Matthew Rick Review of Oakland Coliseum Joint Venture...
I went to The Who at the former Oakland Coliseum, ...
I went to The Who at the former Oakland Coliseum, now known as the Oracle Arena, on February 1, 2013 with a friend and she and I both agree that the sound was THE WORST of any concert we've seen in our lives. (We are both in our early forties -- she's 40 and I'm 44 -- and we have each seen hundreds, if not a thousand, concerts in our lives.)
We purchased tickets for the 200 section but when we got to the seats we noticed that there were NO SPEAKERS in the entire upper balcony area. The music sounded like it was being played on a transistor radio sitting in a fish bowl in another room.
The irony, of course, is that The Who set records as The Loudest Band In The World and the people in our section were yelling "TURN IT UP!"
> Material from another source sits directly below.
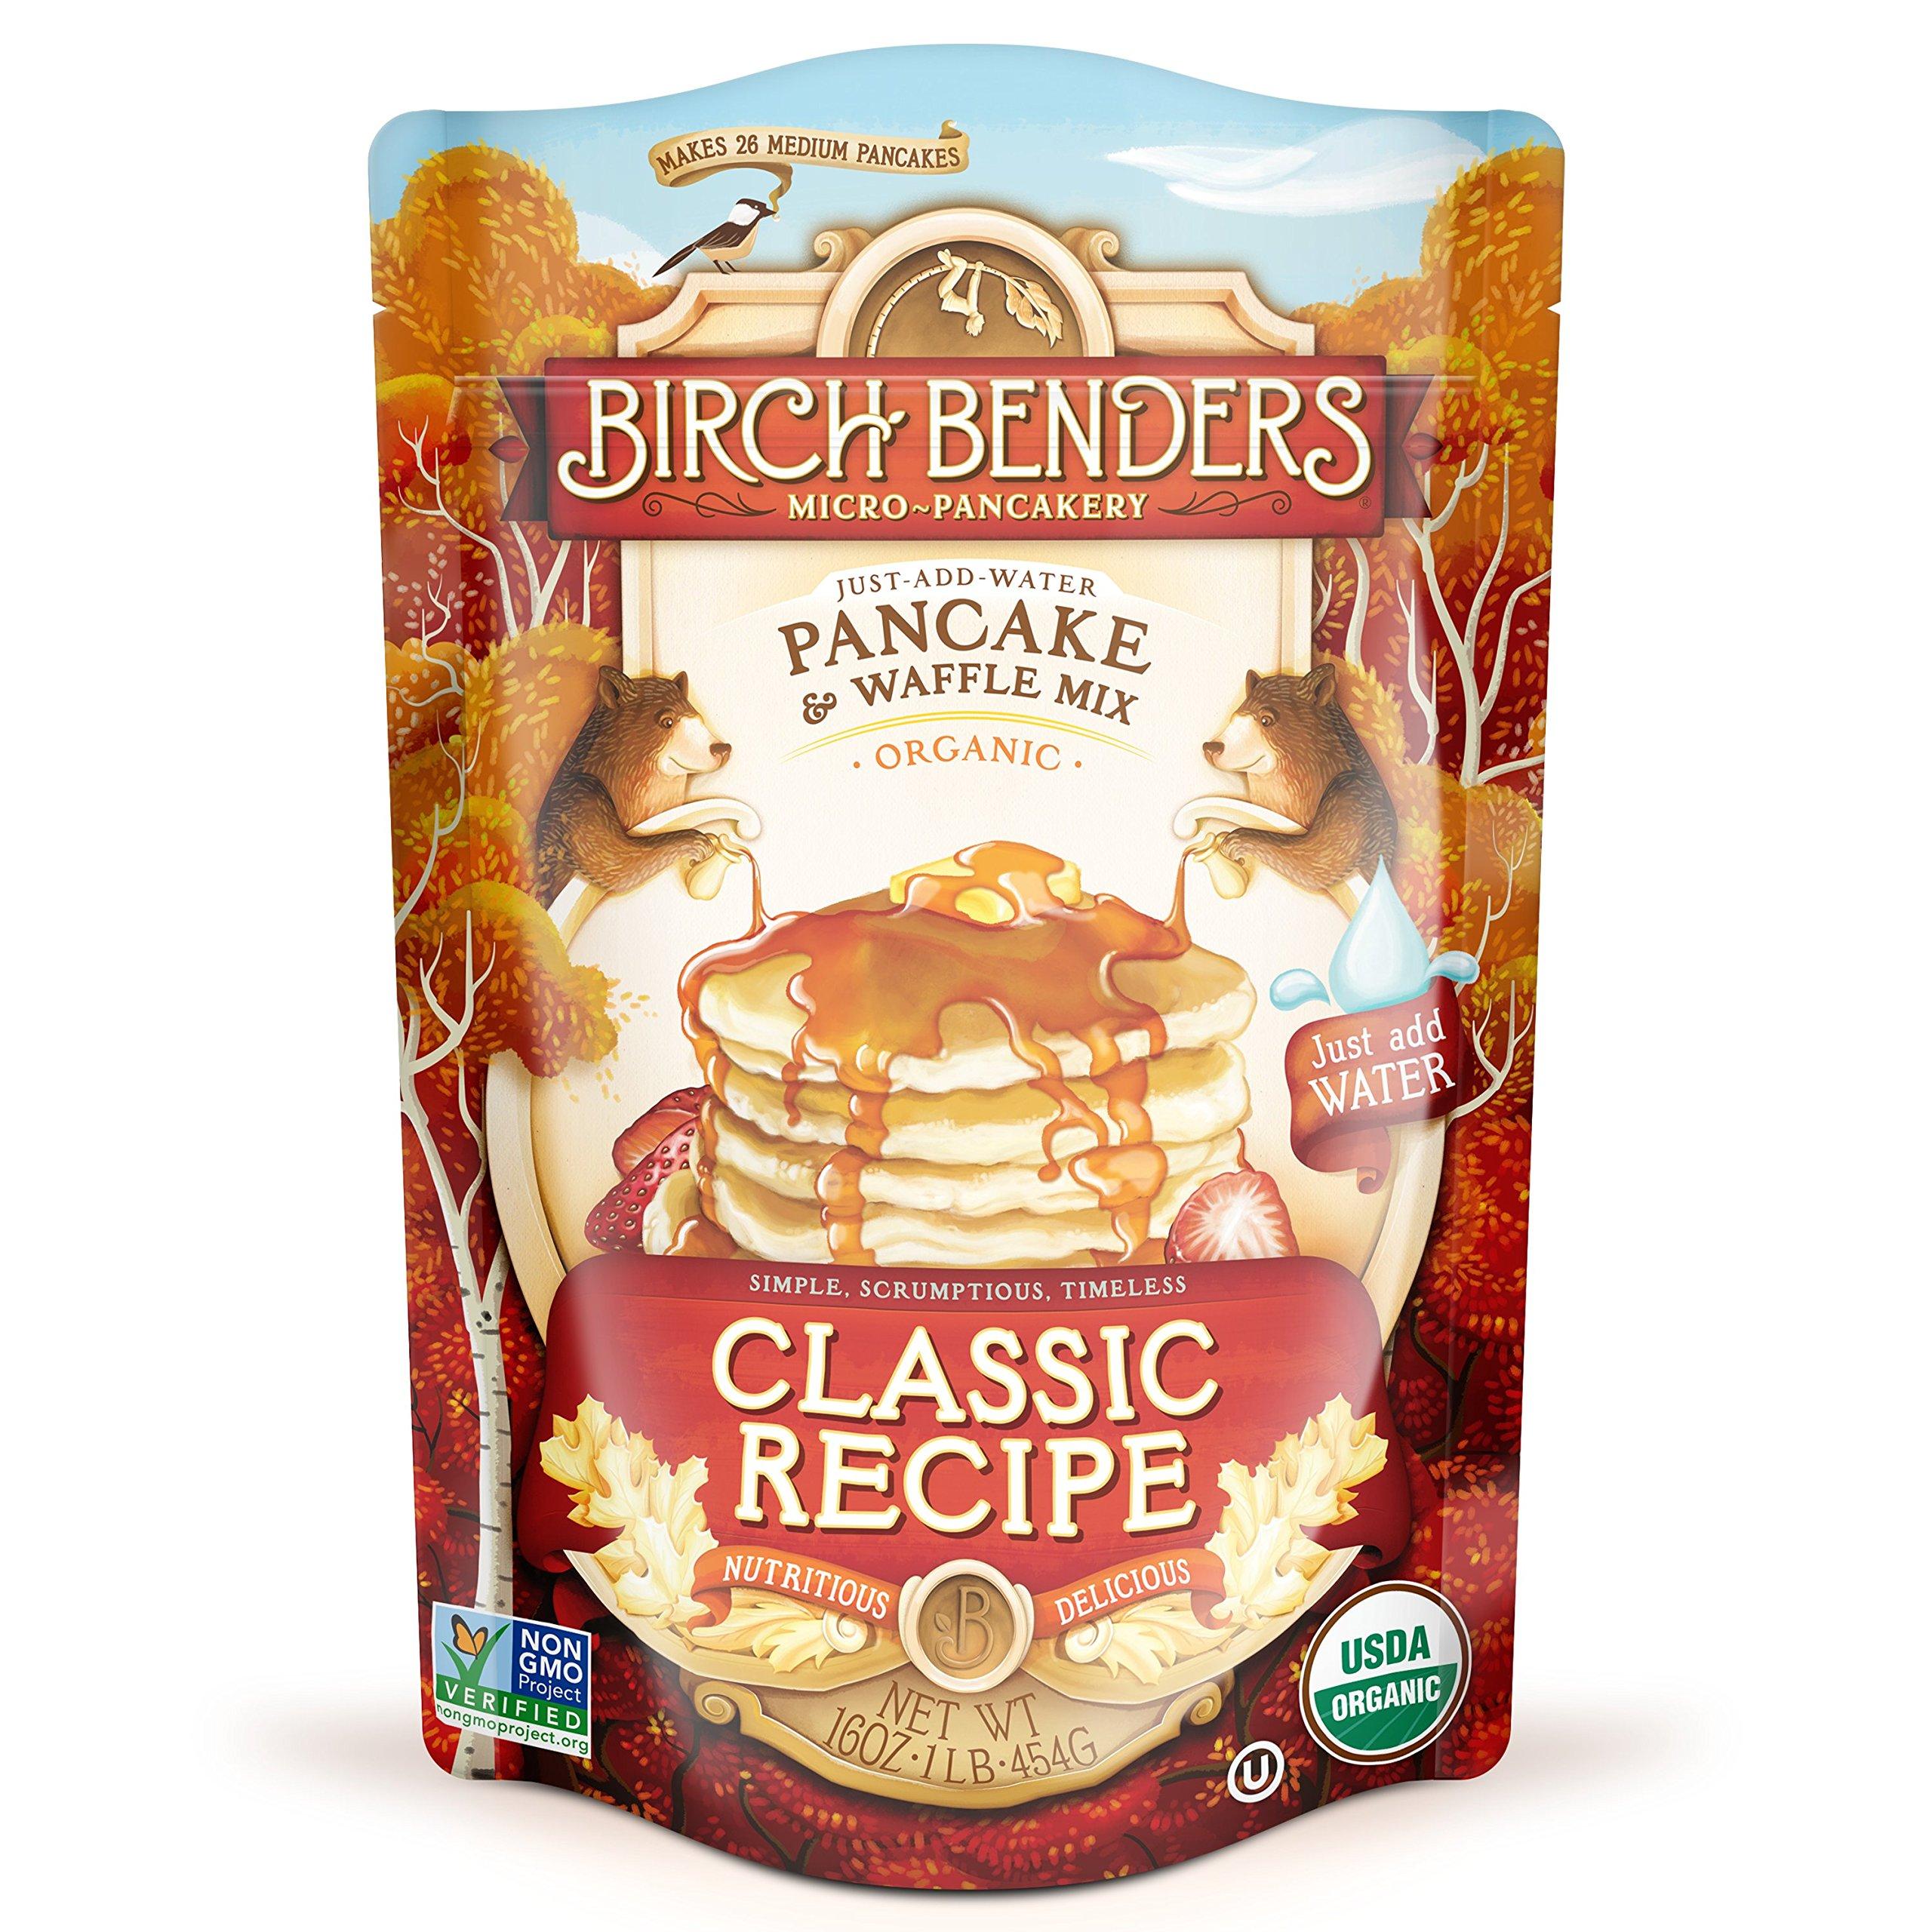 Organic Pancake and Waffle Mix, Classic Recipe by Birch Benders, Whole Grain, Non-GMO, 16oz

Eventually, more than halfway through the show, we decided to mutiny. The sound was better standing next to the concession stand in the hallway than it was in our seats. Once we heard how good the band was sounding to those people within a direct line of the speakers, we opted to go down into the lower level and risk getting scolded by ushers rather than wait another ten years for The Who to tour the U.S. again. In the lower level the band sounded great, the lights looked great and it was everything a Who concert deserved to be.
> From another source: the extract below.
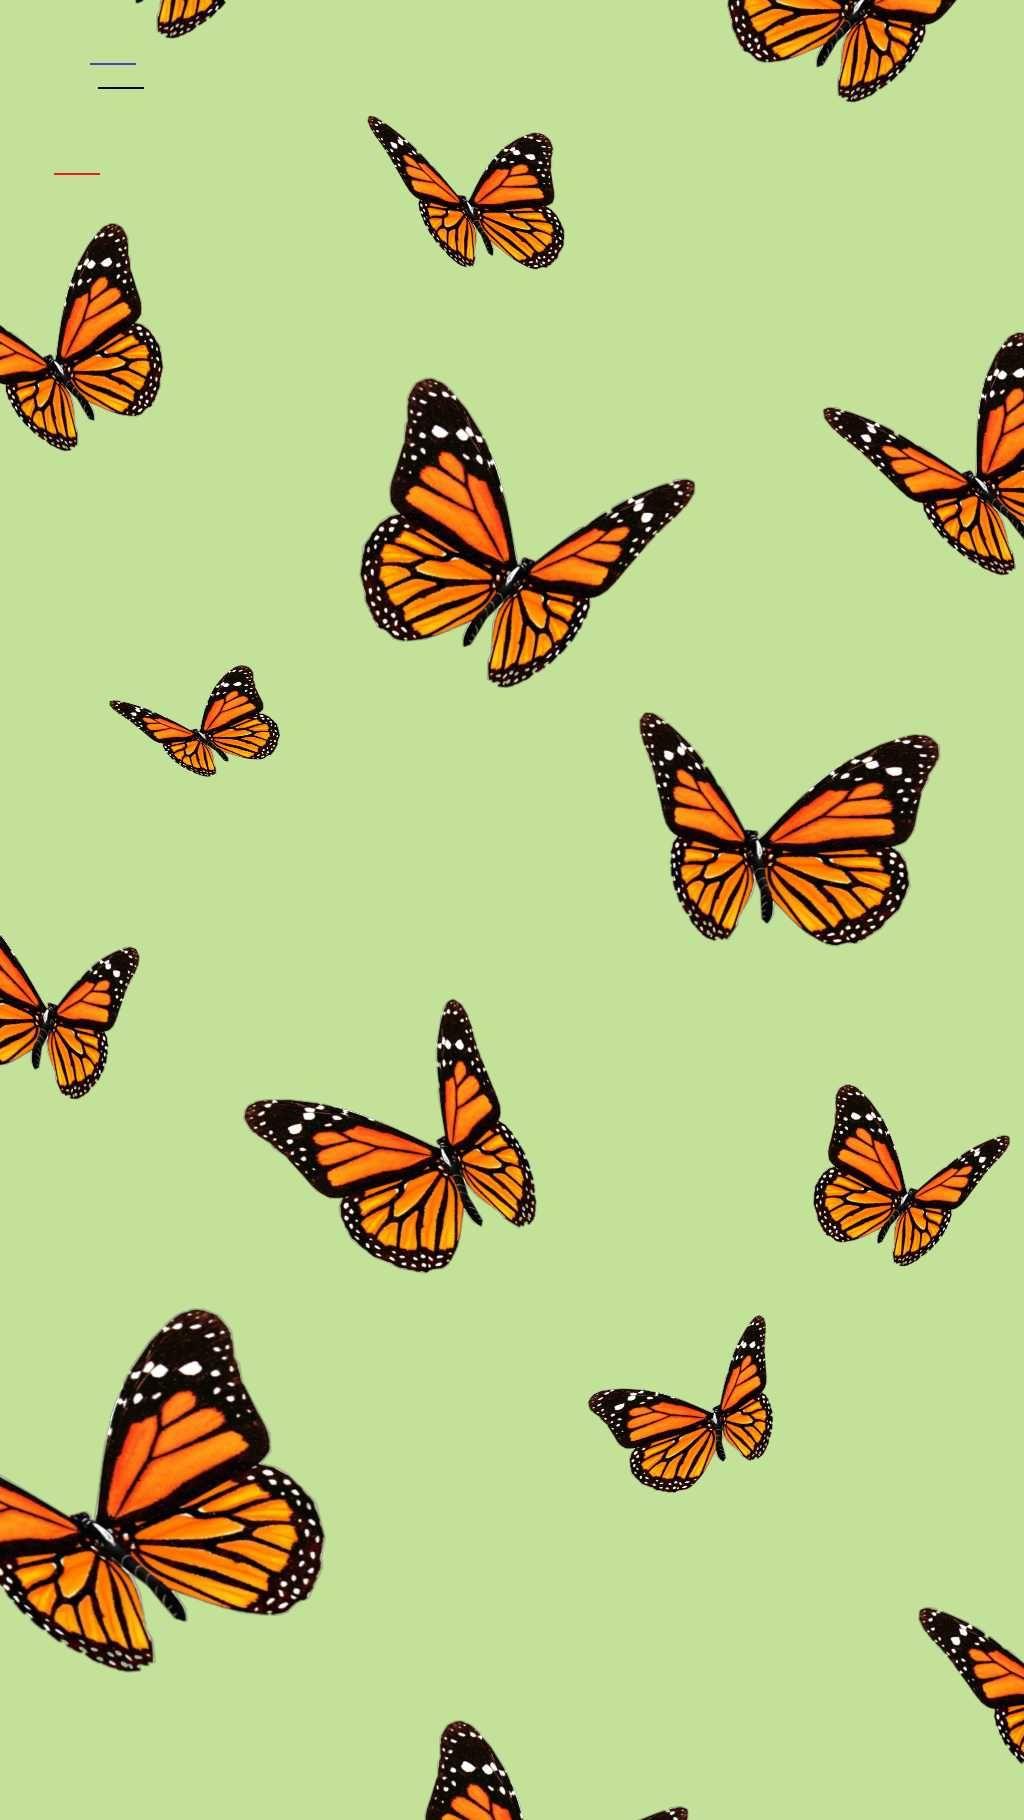 #falliphonewallpaper in 2020 | Butterfly wallpaper iphone ...

We both felt it totally unconscionable for the venue to even sell seats with sound that bad. We also recognized that since the new ownership of the venue where we used to see The Grateful Dead for many a terrific show, not only has the sound quality worsened considerably, but the size of the seats has shrunk considerably. The aisles are thinner, the hallways are thinner, everything seems geared towards more corporate box seats, more herd animal treatment of the crowd and less consideration of the experience of the audience members. In other words, we felt like we were consumers being sold a product, not valued attendees whose experience was of any consideration whatsoever.
If I return to this venue, I'm going to look closely at the seating chart before I buy a ticket. Some seats in this venue simply should not be sold unless the venue wires speakers on the upper level.